2
Судья Эдвард понравился мне с первого взгляда. Он встретил нас, профессора Филиппа и меня, у въезда в Роузбад, чтобы провести к своему дивному стеклянному дому, где давал прием в мою честь. Он пришел за нами к воротам со своей молодой собакой-лабрадором на поводке. Этот эскорт позволил судье ознакомить меня с растительным многообразием штата Вирджиния, а также провести лишних пару минут с собакой в ответственный период дрессуры — поучить ее идти рядом, останавливаться, садиться. Мы тоже повиновались командам судьи и даже выучили их лучше, нежели собака, позволявшая себе некоторые вольности, тотчас же пресекаемые сухим щелчком по ошейнику.

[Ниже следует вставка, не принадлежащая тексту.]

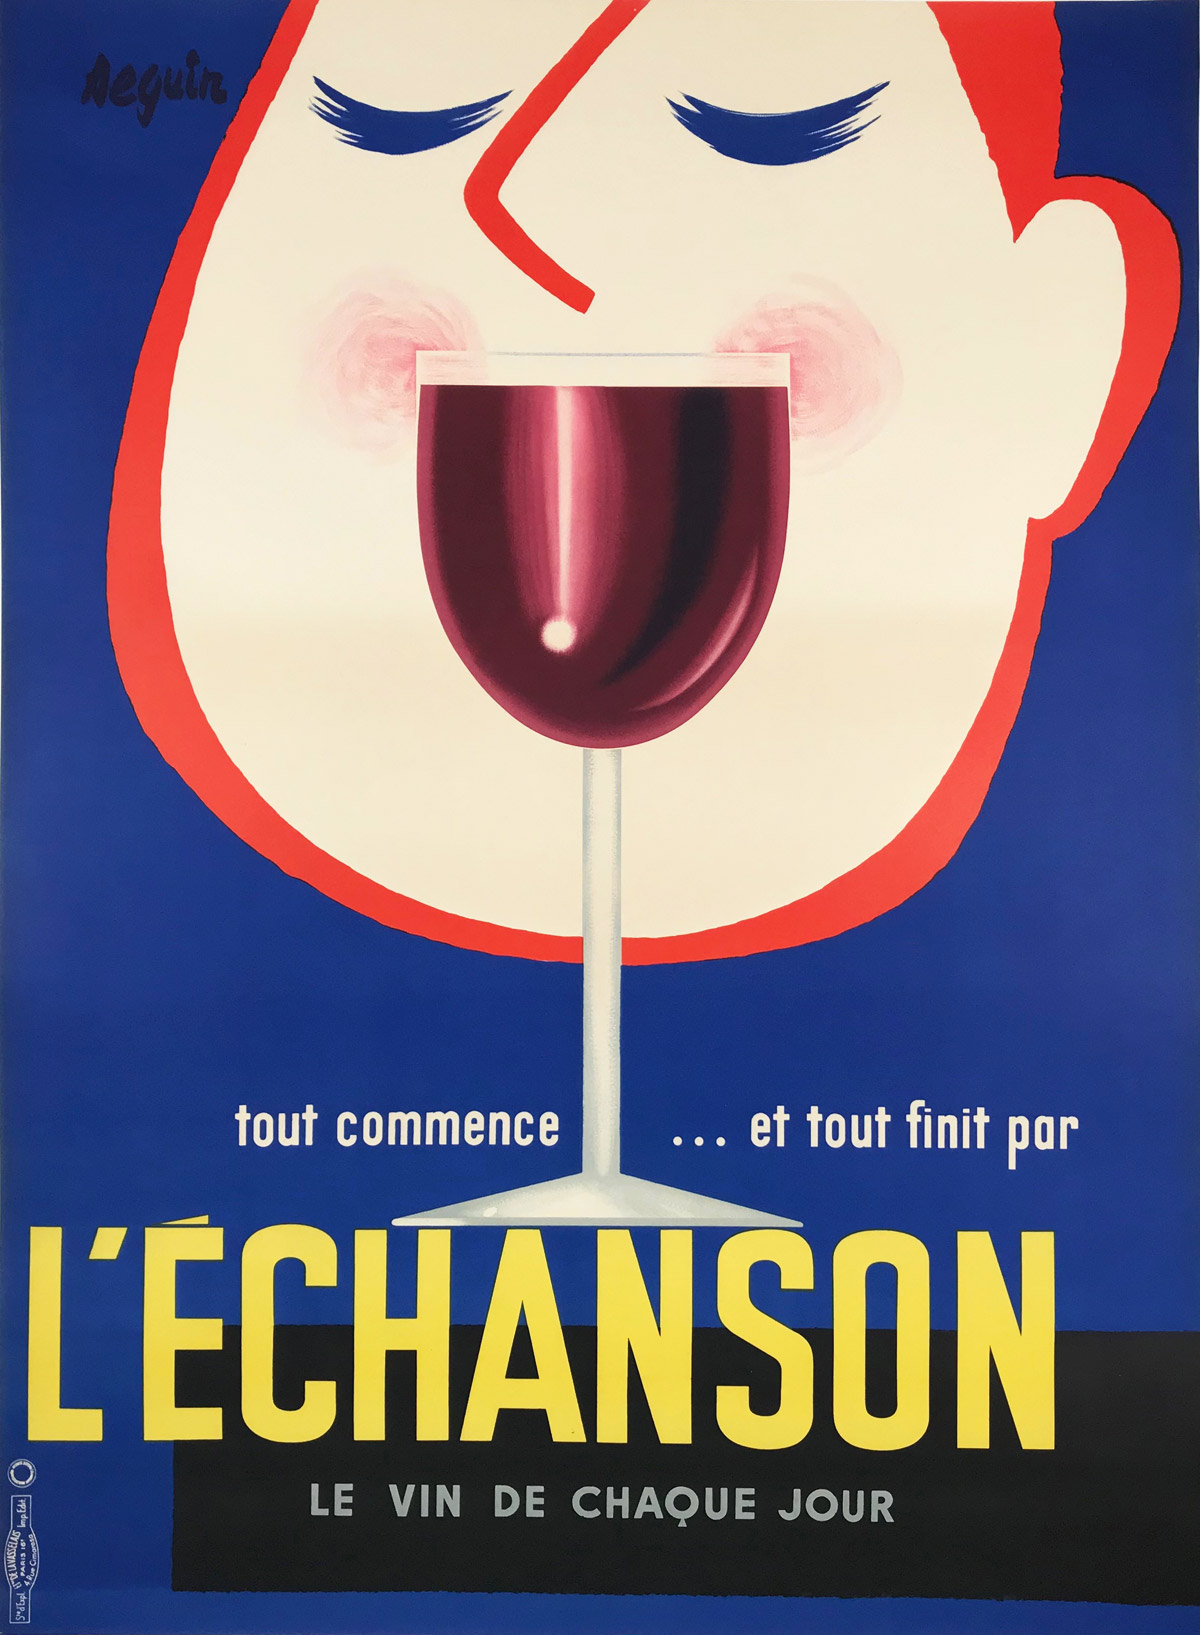 L Echanson by Seguin Original 1955 Vintage French Wine Advertisement Lithograph Poster Linen Backed. French poster features a cartoon face with his eyes closed behind a glass of red wine against a blue background. Original Antique Posters.

Мы шли, останавливались, снова шли в такт коротким командам, а судья Эдвард представлял нам самое прекрасное, что есть в Америке — штат Вирджиния, Роузбад, стеклянный дом на лоне нетронутой природы, Юг во всей его красе. Он говорил нам названия растений, но не латинские, а те, что были даны им первыми поселенцами, движимыми энтузиазмом открытий, надеждами или воспоминаниями: имя любимой женщины, имя умершего ребенка — весь этот обычный и тем не менее странный словарь, который превращал Вирджинию в новый Эдем.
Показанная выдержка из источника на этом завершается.